* [Dataset excerpt]:
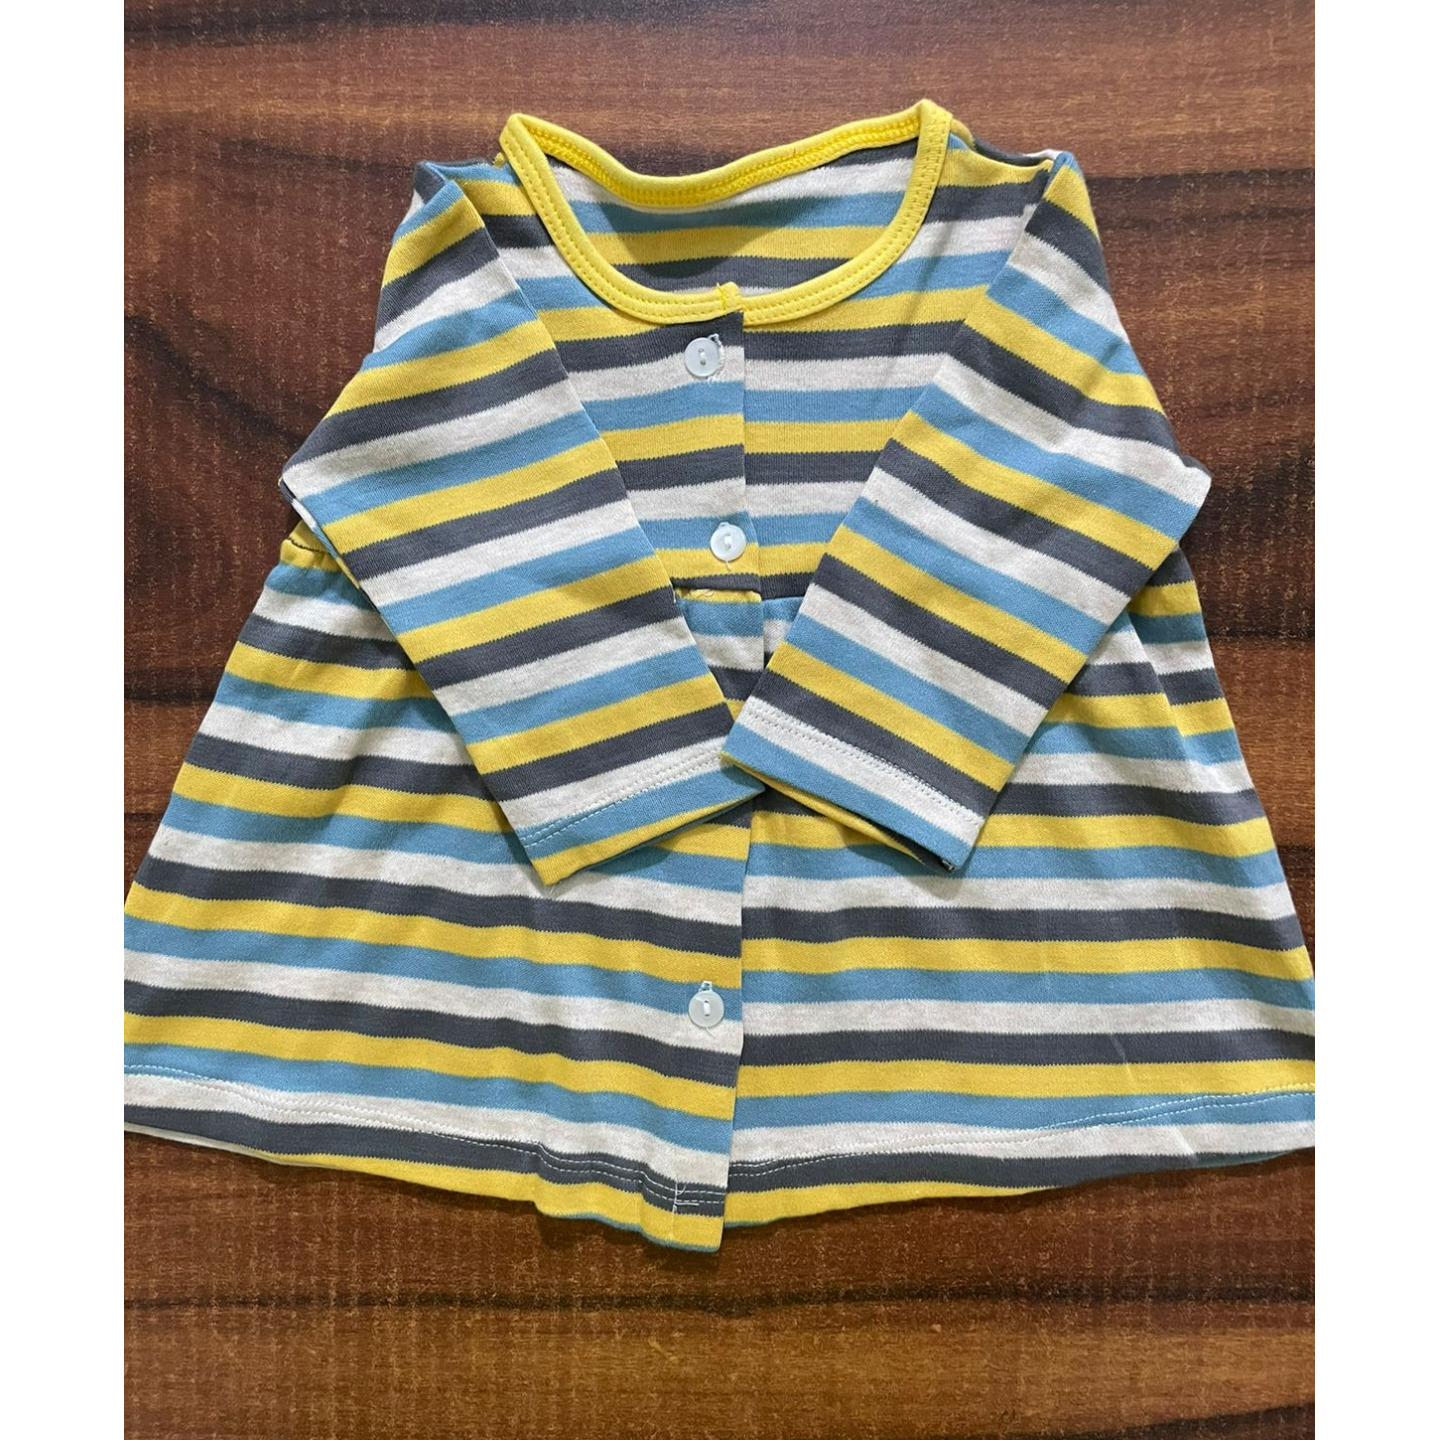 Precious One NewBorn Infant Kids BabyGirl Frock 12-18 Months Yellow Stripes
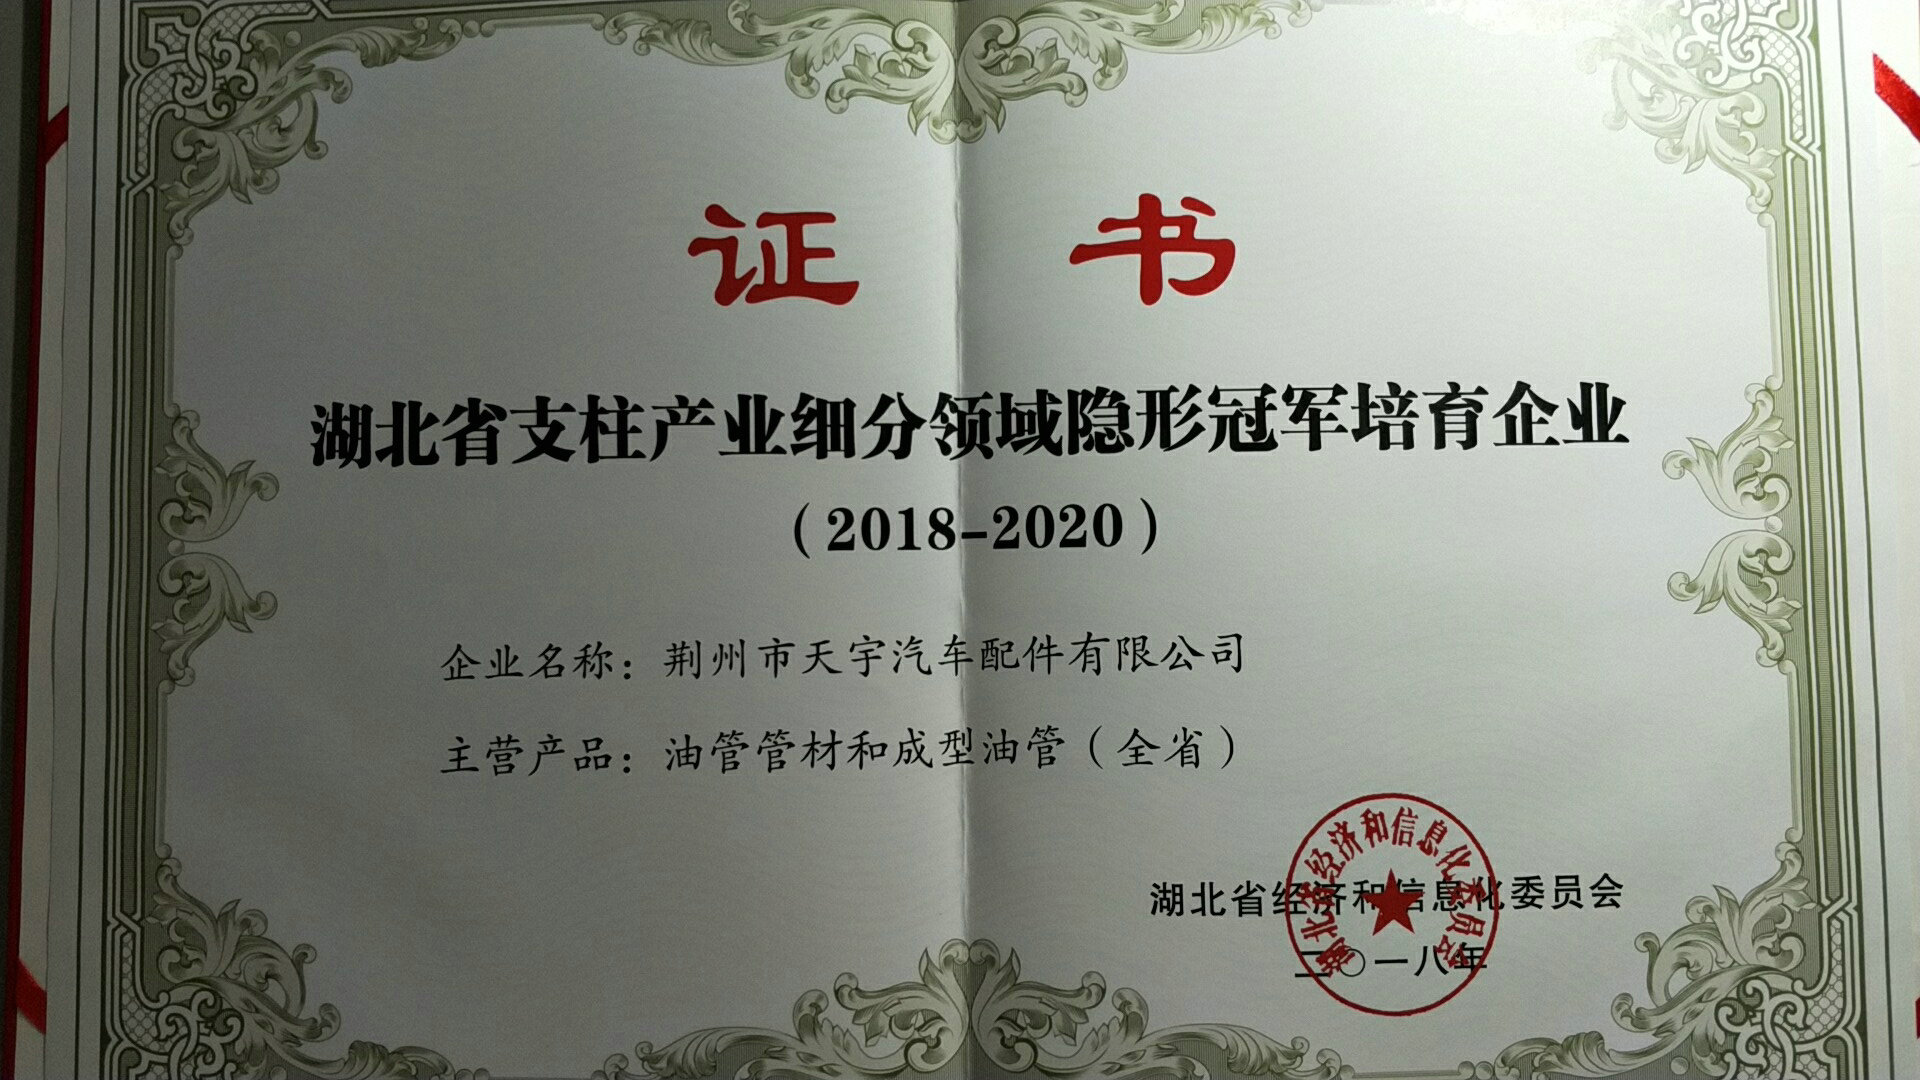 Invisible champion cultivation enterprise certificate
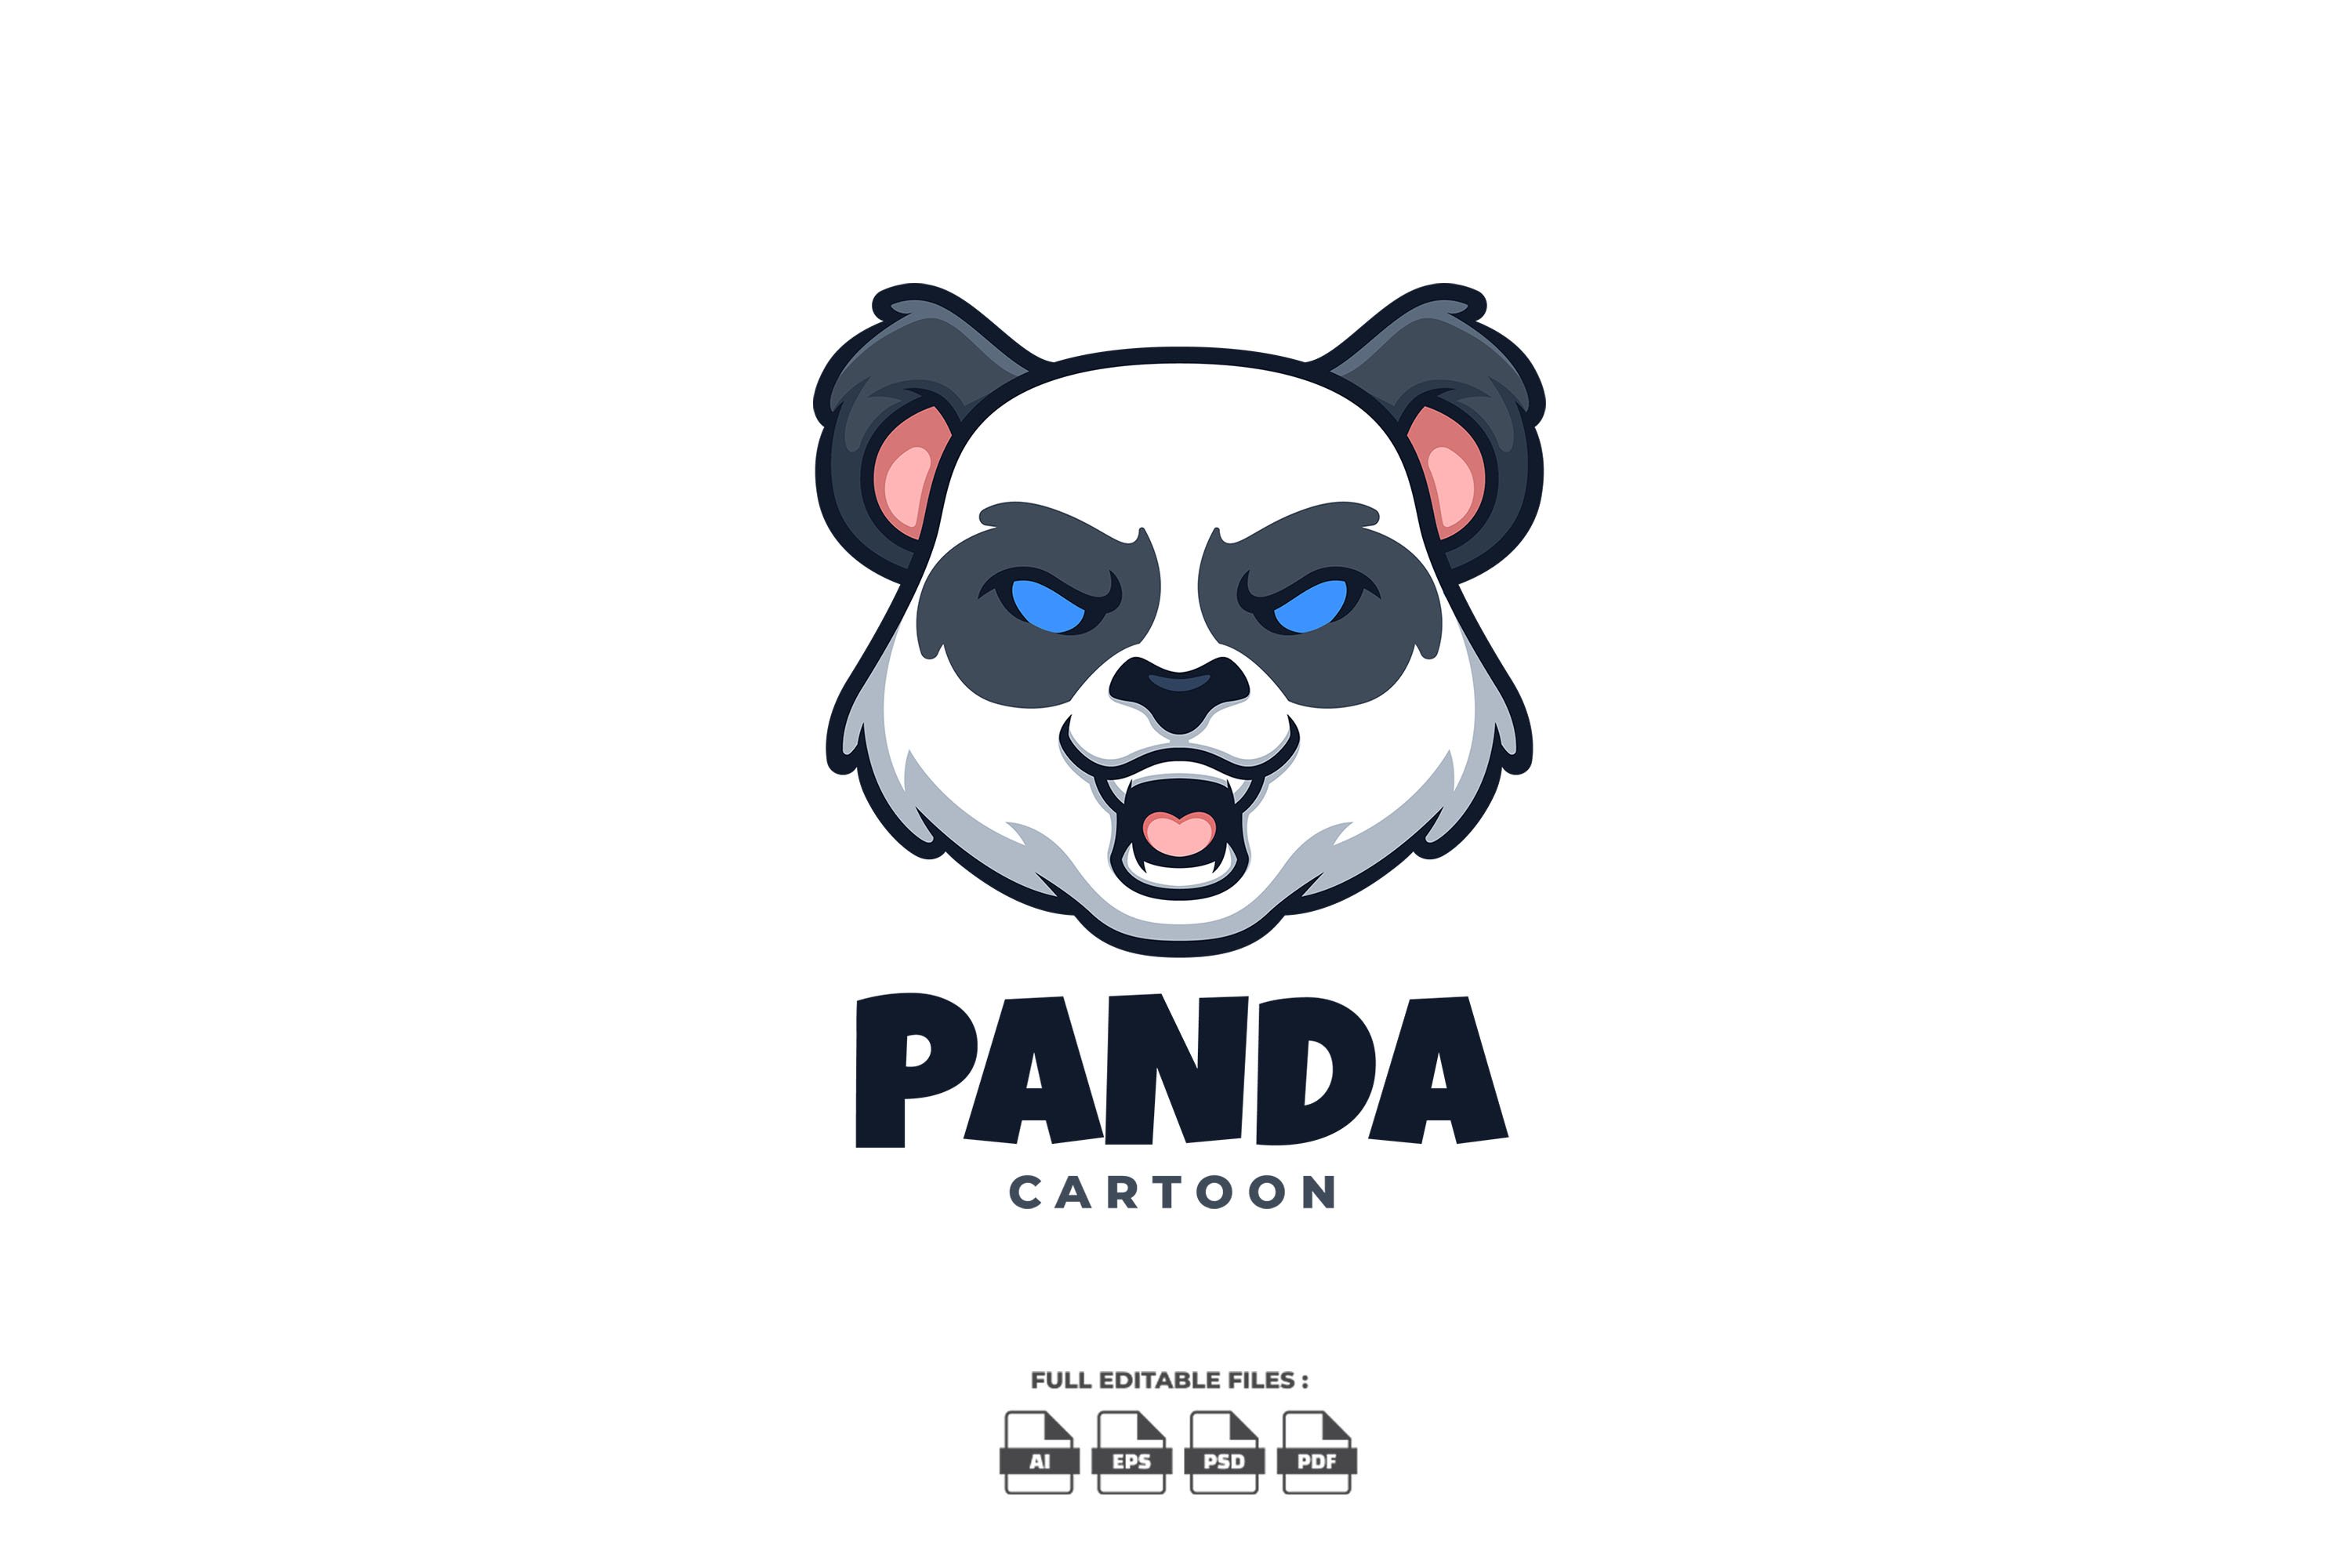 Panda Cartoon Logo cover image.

* [Activity]: In the data above, the line containing "Invisible champion cultivation" and all lines after it are to be reproduced exactly, leaving out the pictures.

* [Finished exercise]:
 Invisible champion cultivation enterprise certificate
 Panda Cartoon Logo cover image.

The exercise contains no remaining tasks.